С этим именем, присвоенным мной ему, связаны мои сны: сладостно-изысканные, как грёзы девственницы и слёзы счастья только что родившей только что мамы. Способен ли мир неинетный вызывать столь чудное воздыхание плоти и духа? Наверно, нет, не способен. Вещный мирок, мирище, мирочище — забавно зябнет, пощупай его потусторонностью, потрогай его волшебством. Мой Стонм, подозреваю, ощущал так же и то же, потому что в некоторых его строчках проскальзывали едва уловимые мотивы смерти (их было много порой, и она — смертушка его любимая, смертушка им взлелеянная, всегдашне присутствовала в любом его послании). А смерть и любовь — подружки-прискакушки. Но я не совсем уверен в этом, как в обратку уверен в другом: его организация ума и чувств бесцельно другая, хотя по сложности и витиеватости не уступает моей, — а может и превосходит? — потому что две такие изящные сумбурности, пересекшиеся в наплывной тишине причмокивания клав и зуммера серверного входа не могли встретиться и спокойно, без надрыва, расстаться.

Итак, имя ему Стонм. Звук имени его мной данным — нахален, рыдающ, он выдаёт себя одним, всего одним, гласным и парой сочетаемых согласных и парой — трудносочетаемых. Такая вот загадка-отгадка для стропальщиков словес. Ныне и вовеки веков. И в этом имени для меня весь он,

- такой же как я,

- и вовсе не такой же как я,

- зеркально-не принимающий отражений, никаких,

- ярко индивидуальный, до звёздности, до пыла,

- и смертельно бледный, как конь, как коса, как стылость.

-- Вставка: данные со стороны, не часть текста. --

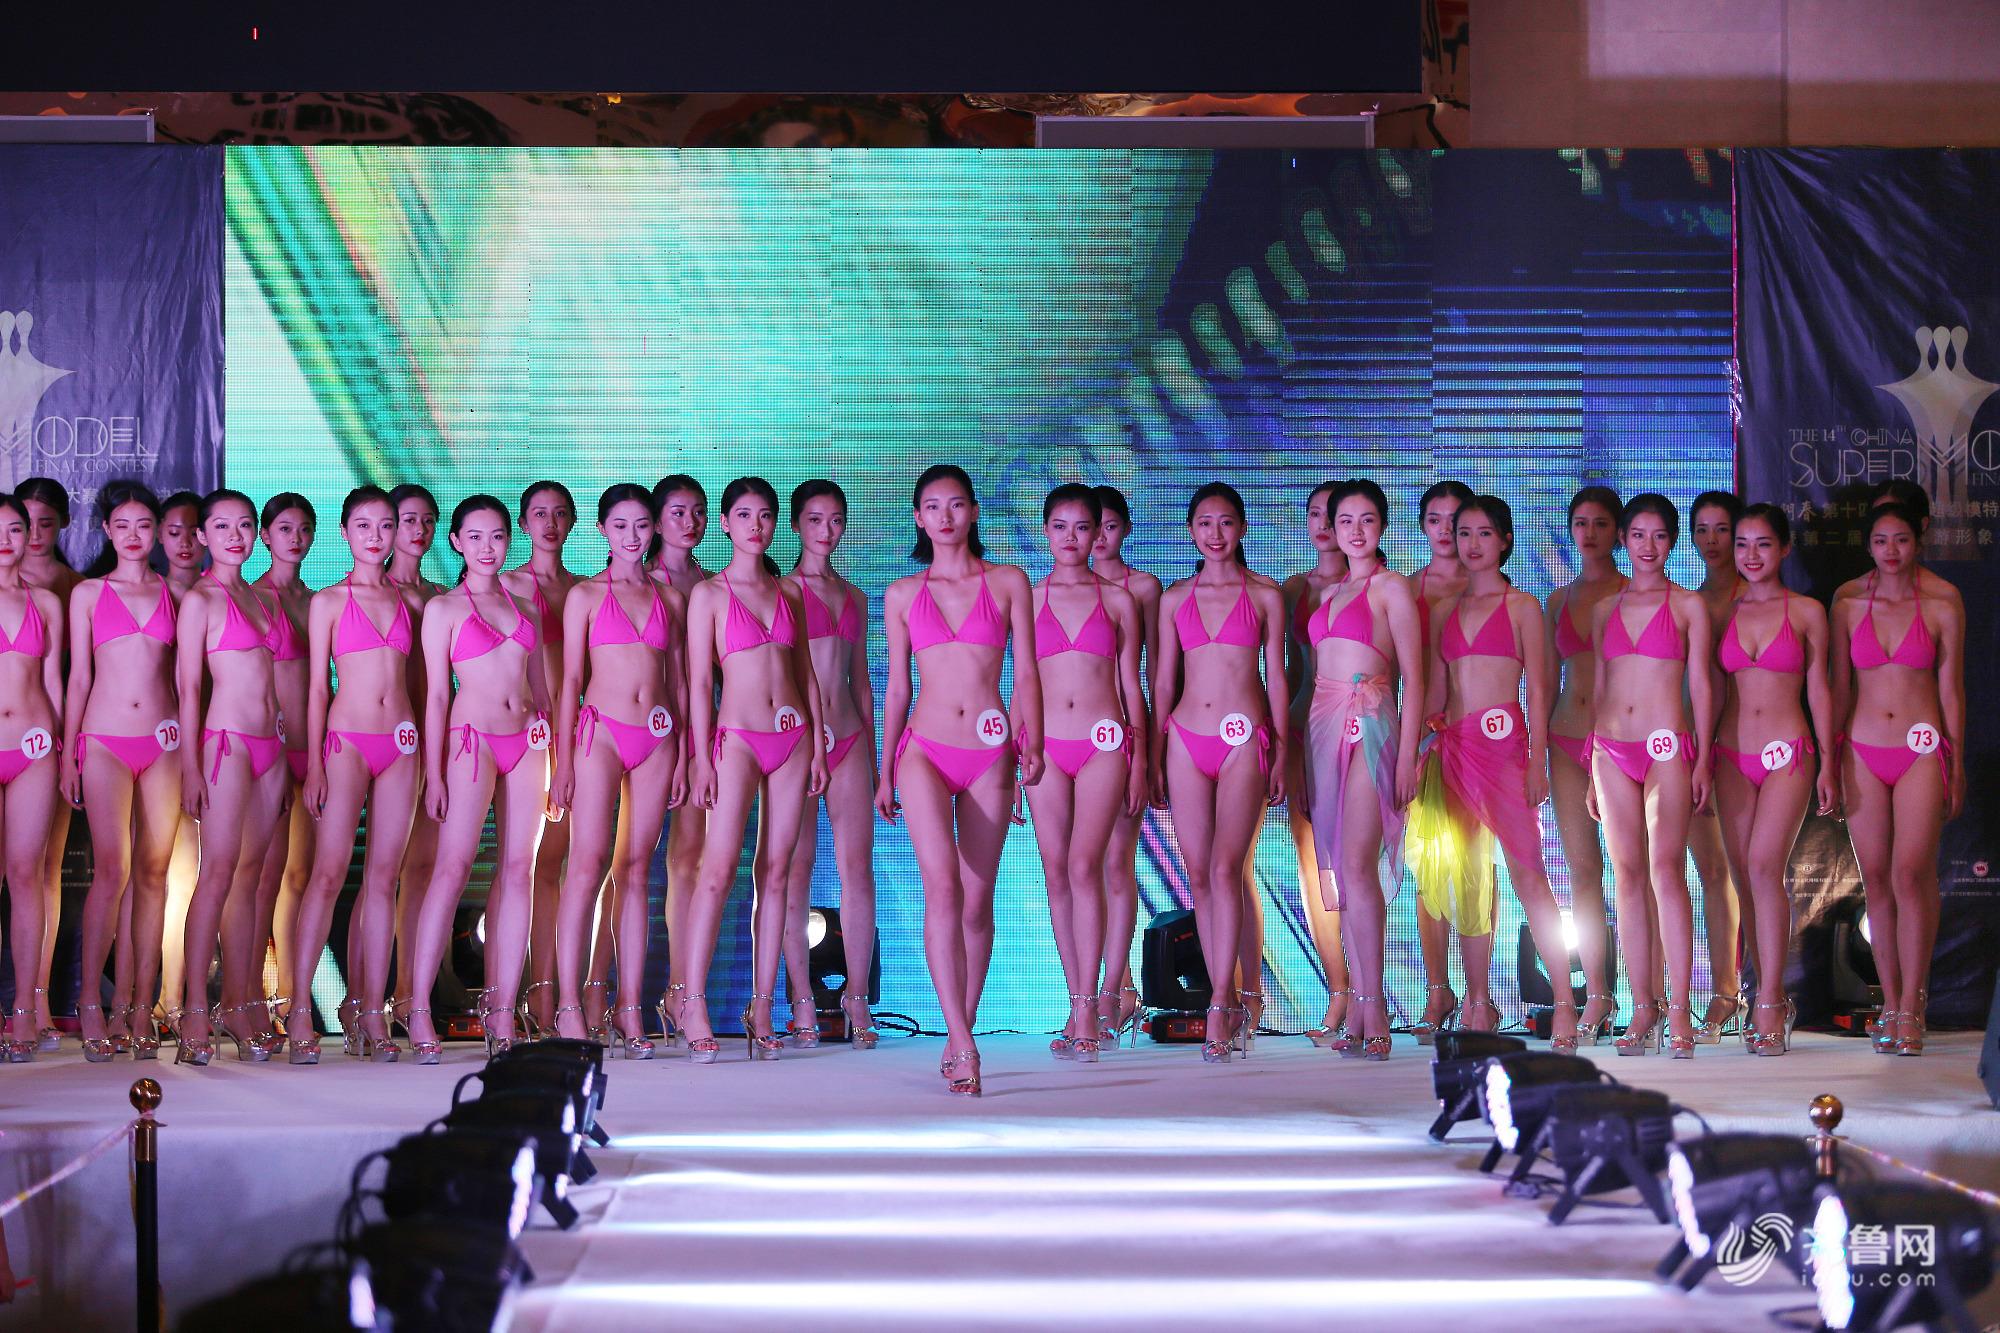 山东潍坊:艺考生以赛代练 自信秀泳装
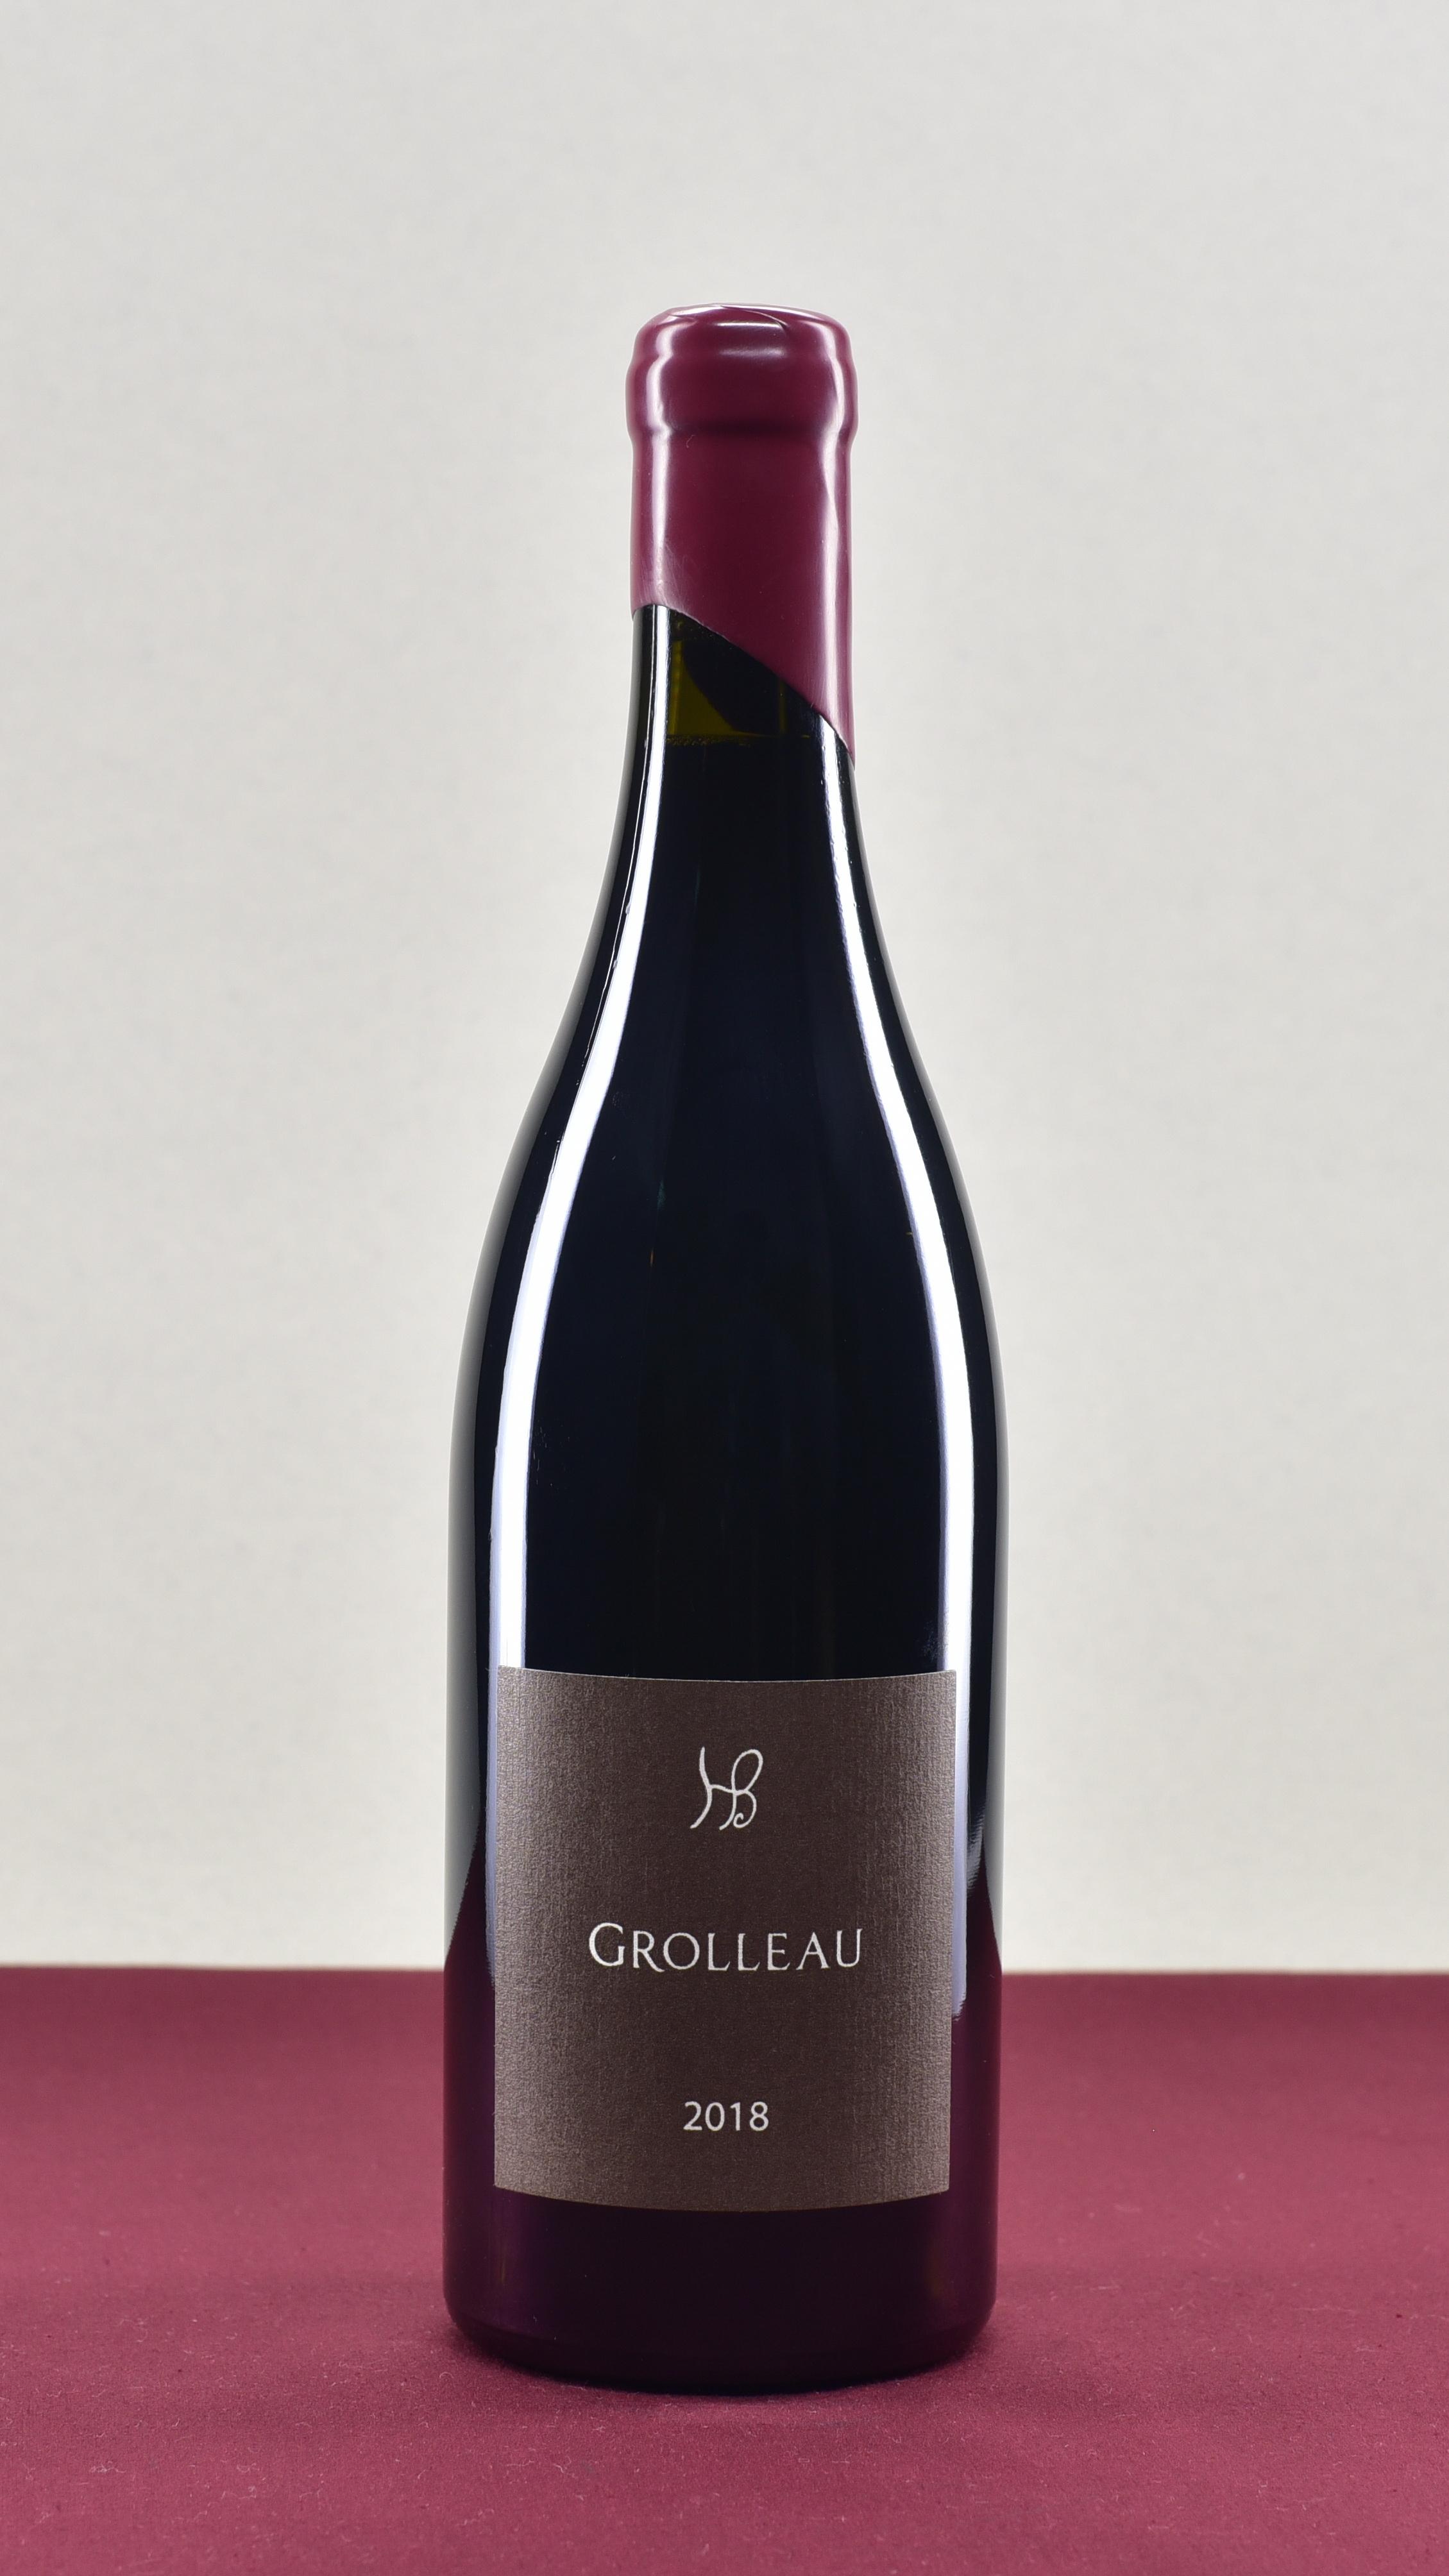 GROLLEAU - Domaine Hauts Baigneux | Philippe Mesnier & Nicolas GrosboisGrolleauVin de France | 2018

Я не хотел бы приводить здесь скучные слова, которыми заполнен осатаневший от них мир. Не в них дело, даже если мы ими говорим и пишем. Даже если мы их слышим и как нам кажется понимаем (хотя на поверку выходит, что мы ни говорим толком, ни слышим никак). Я бы хотел влить в себя через него то стиснутое всеобщим упорядочением влечение к основе, к тому базису, который незримо явствует впереди и позади всех. И в первый месяц это удавалось… а потом он внезапно позвонил.

И случилось второе разочарование: он боялся. Боялся быть разыгранным, смешным, глупым. И потому стал физическим, ощущаемым, молекулярным, с привычками, роднёй, любимым диваном и конфоркой на кухне. Я превосходил его в страхах, он превосходил меня в ощущениях неощущаемого.

Я тут же стал телефонно-груб, вульгарен и незамысловат. И разочаровал его, наверно. Разговор получился скомканным, нелепым и обидным. Он проверял меня на меня. И смех, и грех. Есть ли я, не фантом ли я, не баба ли я, не рыба? Глубоко внутри скукожилась гнусь. И я пропил ещё какое-то количество дензнаков — хмарь обыденности на время поселилась во мне.

Вечерами я тупо поглядывал на экран, наливал, закуривал, набирал шифр входа, поднимал лапу на чтобы заэнтерить вход в инет, думал, а стоит ли, блин, может он сам позвонит оттуда из своего далека, да и скажет, что хочет сказать. Теперь-то уж что разводить анонимность и безымянность…

…а потом всё же давил на энтерную клавишу, соединялся, проверял почту. От него не было ничего какое-то время: он, так же как и я, глушил в себе страхи, разговаривал со своей забавой-смертушкой, пил, наверно, то же, что и я, или гулял по своим любимым инетным улочкам-переулочкам.

Его голос был узнаваем. С бархатными переливами, с чувственными остановками, едва заметным придыханием от волнения. Не голос, а сочный психологический Брейгель — я немедленно бросился имажировать описательный портрет, основываясь не только на звуках его голоса, но и на его письмах, разных словах, разных вставках, разных описаниях. Вспоминал его пунктуацию, которая была необычна и которой стоило поучиться у него: так мастерски она передавала его мысль.

Выходило примерно так: среди моих знакомых нет никого, кто бы был хоть капельку похож на него. Нет, это не розыгрыш. Впрочем, я в этом и не сомневался. Мнительность — не моя категория. Мне в ней неуютно.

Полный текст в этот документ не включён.